Через несколько лет он снова завел чибисенка. Посадил его в клетку вместе с галочьим птенцом, который хоть и не научился говорить «здравствуй», сколько ни бился с ним Николай, однако был очень жизнерадостным. А чибисенок, несмотря на то что ел и пил хорошо, через неделю околел. И чего ему не хватало?
Третью и последнюю попытку Амиров предпринял в Пятигорске в этом году. Большую клетку сделал возле конюшни. Попросил конмальчика Бочкалова принести воду, землю и даже траву и кочки с того же самого болота, на котором чибисенок родился. Пинцетиком просовывал ему в клюв дождевых червей, личинок и маленьких улиток, из пипетки давал болотную, не хлорированную водичку.
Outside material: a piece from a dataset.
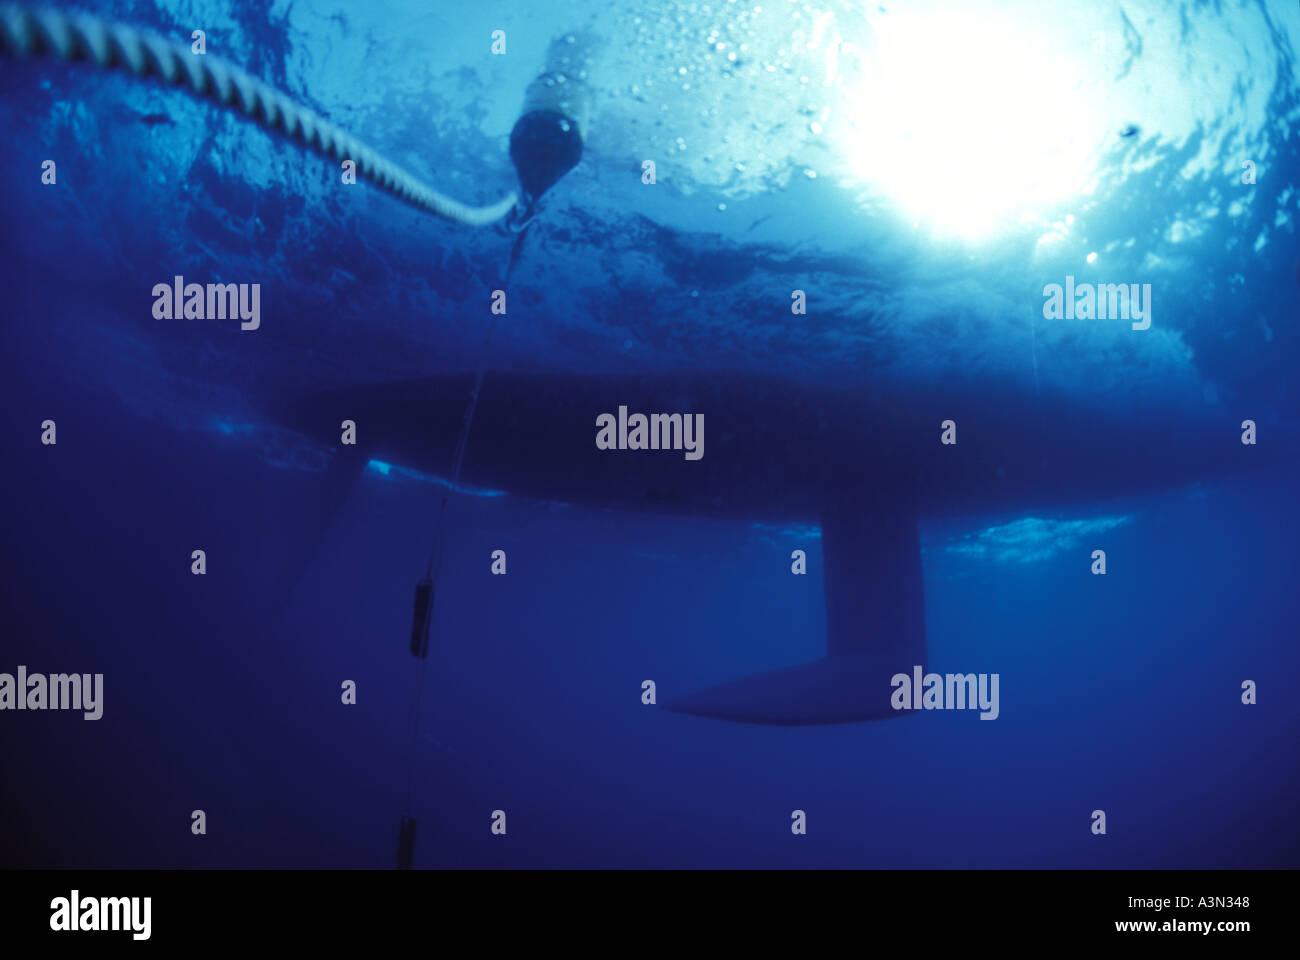 Vista submarina de racing marca redondeo Imagen De Stock

Чибисенок ел и пил, много и охотно купался, бегал сломя голову по клетке, но вот тоже испустил дух.
— Умер? — прошептала Виолетта.
— Сдох. — Лицо его снова стало жестким. — Ну и наплевать!
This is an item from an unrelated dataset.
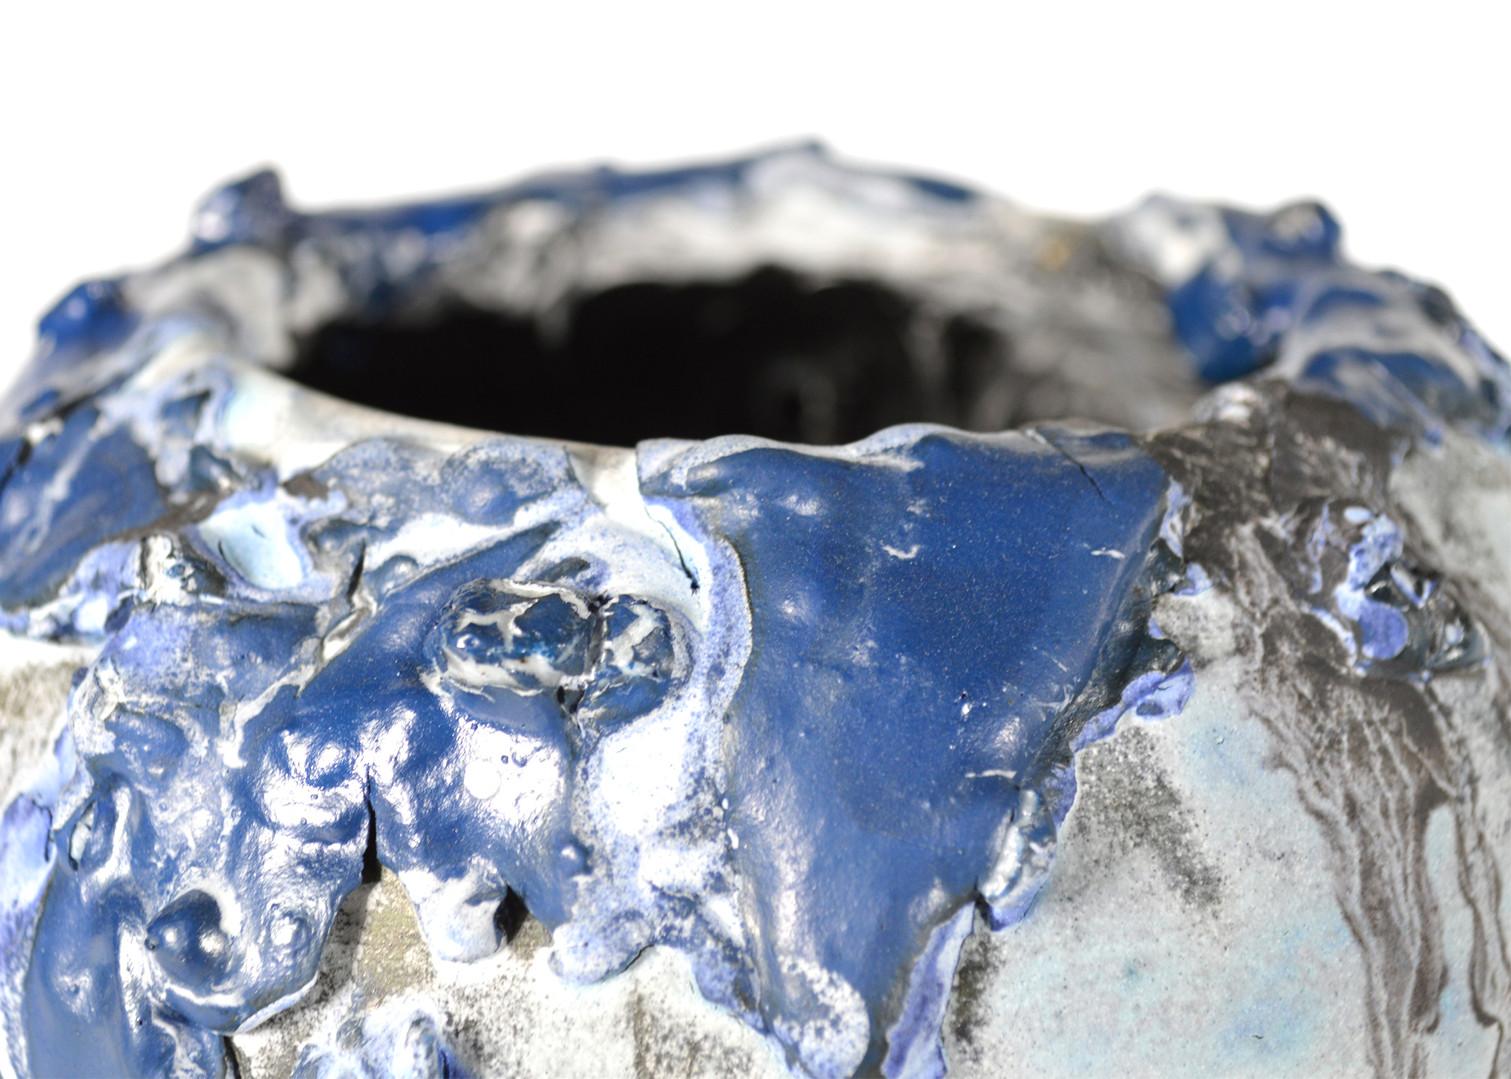 Pam-Space-Dog-Moon-Jar-Blue-White-Side1.

— Он, наверное, не может жить в заточении.
— Ага… — Непонятная усмешка пробежала по лицу.
Они прислонились к беленой глинобитной стене конюшни. Лошади изредка постукивали копытами по дощатому полу, по перегородкам денников. Пахло влажной землей, медвяной кашкой. Тени от деревьев становились длиннее, воздух к вечеру синел, холодал. Высоко над каменной изгородью ипподрома зажегся тонкий серпик нарождающегося месяца, еле видный на светлом еще небе. Глухо прошумела электричка.